Sunday, May 31, 2009
Prudhoe Bay Ride - Day 4
We got up the following morning and went into the oil field worker's dining room for breakfast. We'd also eaten there for dinner the night before. It is a no frills place, but the food is heavenly! Bobby took the time to take a couple pictures of the dining room.
and the kitchen where they make all the good food happen along with part of the window dining room.
After breakfast we rode to "town"
where we got gas, then rode over to the NAPA store that marks the end of the Dalton Highway.
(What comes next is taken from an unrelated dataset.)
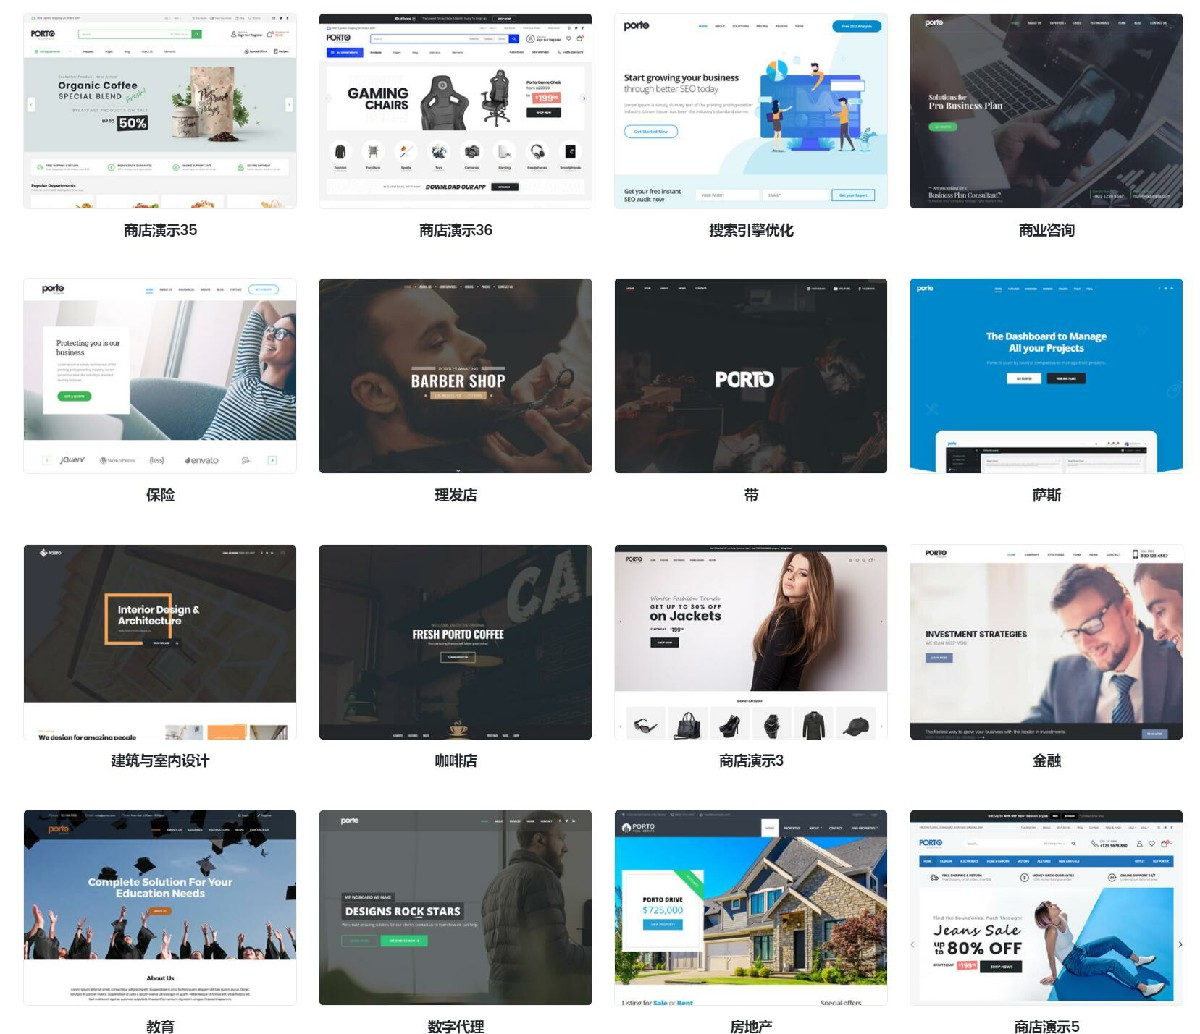 跨境电商网站模板 外贸商城企业网站wordpress主题 Porto V5.5.1中文汉化升级版插图3

After buying a couple stickers at the NAPA, we went over to the Arctic Caribou where we took a tour of the oil fields. The windows in the bus were small and dirty so we didn't really get much in the way of photos. We saw a lot of birds, different species of geese, swans, arctic terns, etc. and more Eskimo cotton.
After winding through the oil fields we finally reached the Arctic Ocean and were allowed off the bus.
We'd have gone in all the way if we'd had the ability to change. that's my story and I'm sticking to it... We did get the certificates to prove we've at lest touched the Arctic Ocean.
When they were first developing the North Slope many people were afraid the development would harm the caribou herds. Instead, the caribou use the gravel roads and pads as a place to escape the worst of the mosquitoes. Caribou have the right of way on all the roads, and if that means oil transport vehicles have to wait for an hour while a large herd passes, then that is what they do. No one can honk their horns, or in any way try to move the caribou along. The caribou have obviously learned this and completely ignored us.
After the tour we got back on the bikes and turned South for home. It was a grayer day than the day before, and had rained over night. As we left Deadhorse it was in thick, freshly laid gravel. I was doing ok, then all of a sudden found myself in a berm, plowing through the gravel rather than riding on top. The bike went into a major tank slapper and I came VERY close to going down. I focused on the horizon though, and gave it enough gas to stay up right. Whew! That was too close for comfort.
Shortly before I decided to ride in the berm...
The wind was calmer today, and as a result the mosquitos were on patrol. The picture shows several swarming my helmet but is an understatement of what was there. We learned on our tour that the mosquitos are so bad, they'll take 1/3 of the caribou's body weight in blood every summer.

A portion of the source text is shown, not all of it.